Mr Lim noted that Singapore’s economic growth is healthy and wages continue to move up faster than inflation, but he cautioned on the need to find ways to go through the economic restructuring “as smoothly (and) as effectively as possible”.

He told reporters: “Because if we get it wrong, our economy may lose our competitiveness, our job growth may slow down, and eventually businesses may either relocate or just completely close down their operation.”

Workers, meanwhile, should not take the tight labour market for granted, Mr Lim said, as he pointed to the global move towards robotisation and the use of technology to reduce dependency on labour. Hence, Singaporeans have to “value our jobs more and take greater pride in what we do”.

Mr Lim’s comments came as figures released last week by the Manpower Ministry showed that 11,560 workers were laid off last year, slightly more than the 11,010 in 2012. Overall, the top reason for redundancy was the restructuring of business processes, reflecting the ongoing productivity drive. This affected 40 per cent of workers laid off last year, up from 37 per cent in 2012, the MOM said.

Senior Regional Economist at Barclays Leong Wai Ho felt Mr Lim’s May Day Message was an “apt reminder that global competition is intensifying”. “As wage costs rise due to the labour tightening and the ageing of our workforce, along comes pressure for workers to be ever more productive and value adding,” he added.

DBS Senior Economist Irvin Seah, meanwhile, noted that it remains to be seen whether the tight labour market will slacken in, say, the case of a recession. However, from a structural perspective, the population is ageing and the foreign labour policy is tighter, so the labour market will remain “persistently tight for many years to come”. On unemployment from the restructuring, Mr Seah noted that the only way to mitigate this is to reskill and retrain workers so they remain employable.

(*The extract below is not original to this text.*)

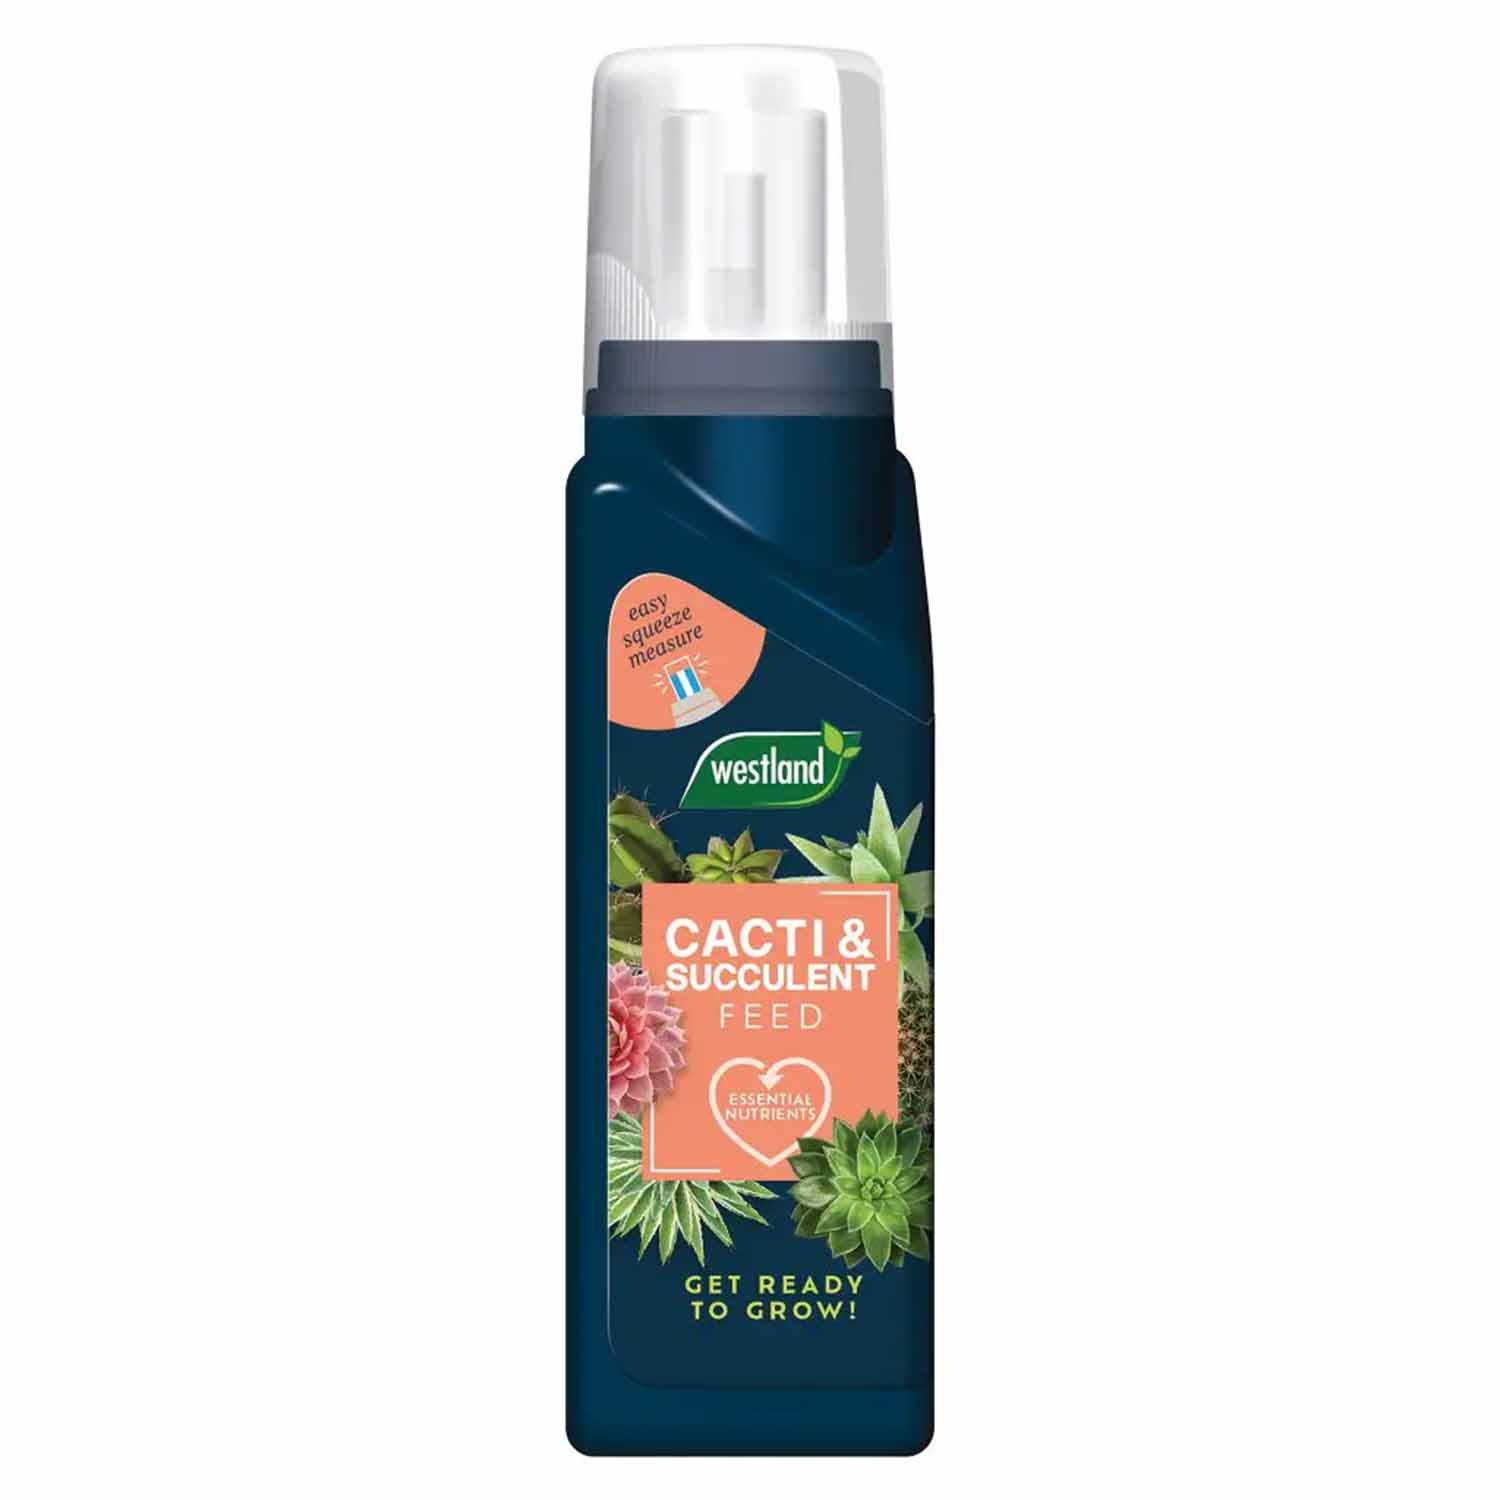 Cacti & Succulent Feed Concentrate
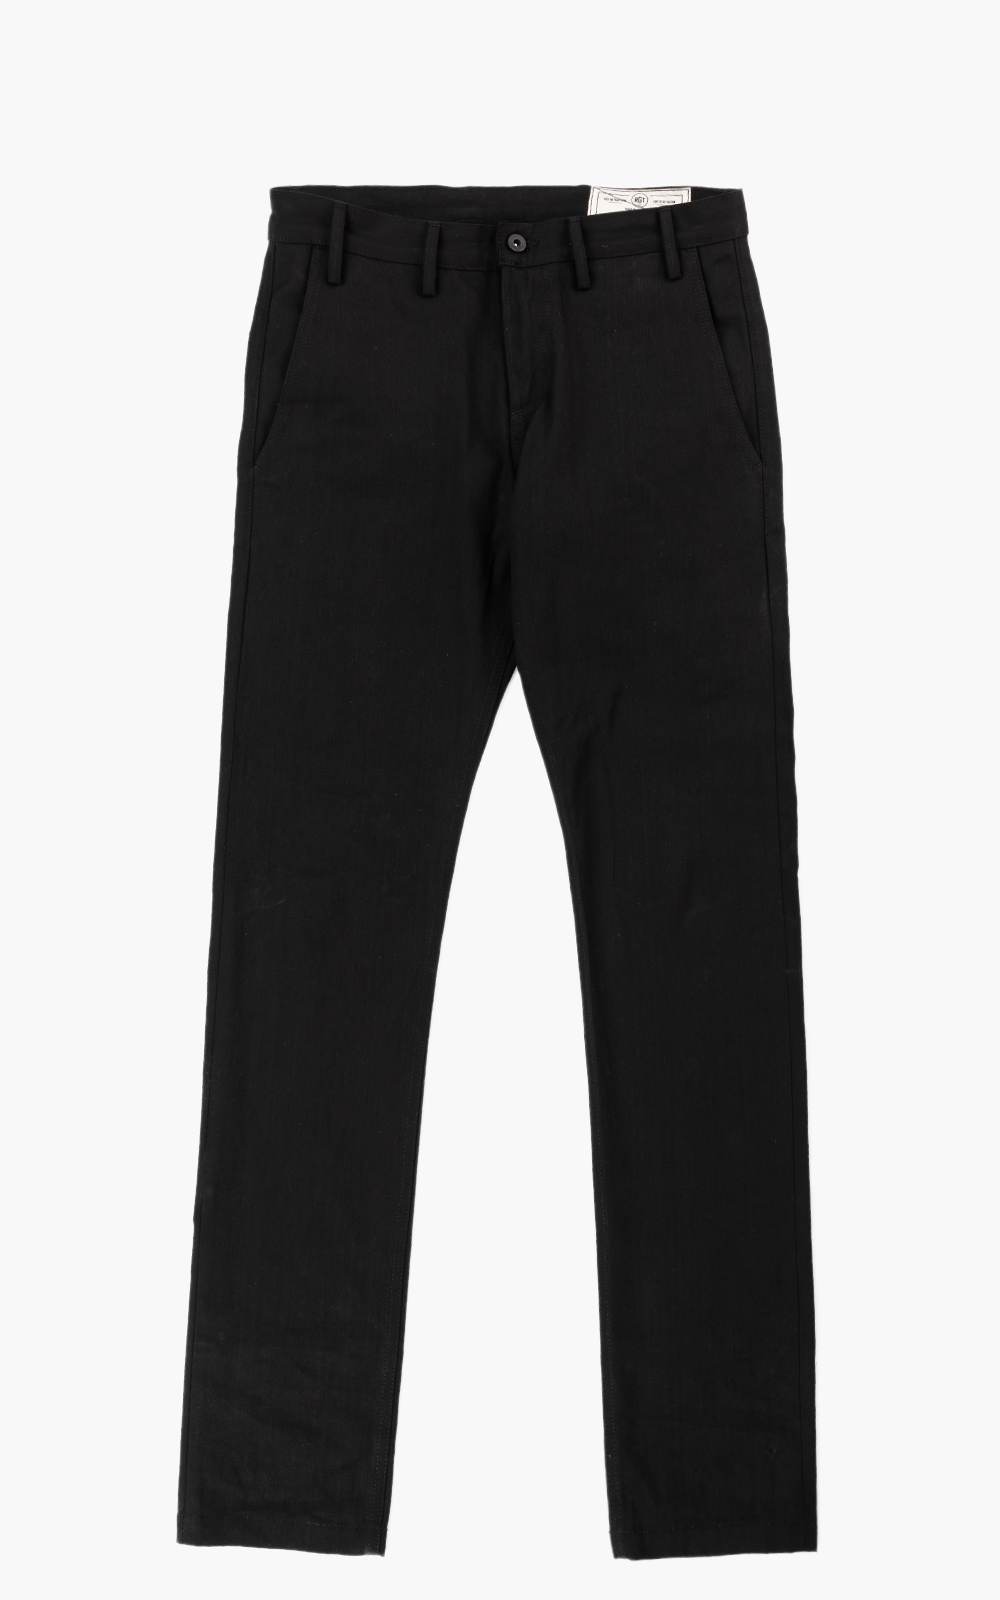 Rogue Territory Officer Trouser Stealth Black 11oz | Cultizm

On the tight labour market, Deputy General Secretary of the Amalgamated Union of Public Employees Yeo Chun Fing noted that workers may be more stressed as employers push for higher productivity.

In his message, Mr Lim also said that as the Republic strives to become a more advanced economy, it must also strive to be “a nation of better customers and better people”. He urged Singaporeans to treat service workers as equals: “The globalised world thrives on mutual dependency, mutual support and mutual acceptance. Good services beget good customers, and good customers beget good services,” he said.

Executive Secretary of the Healthcare Services Employees’ Union Patrick Tay noted that his union members want their customers — patients and their families — to treat healthcare staff with respect and honour. But the mindset change will not be an easy task, he said, noting that expectations are high. “It takes everyone to join hands to make Singapore more gracious and a great place to live and to work in,” he added.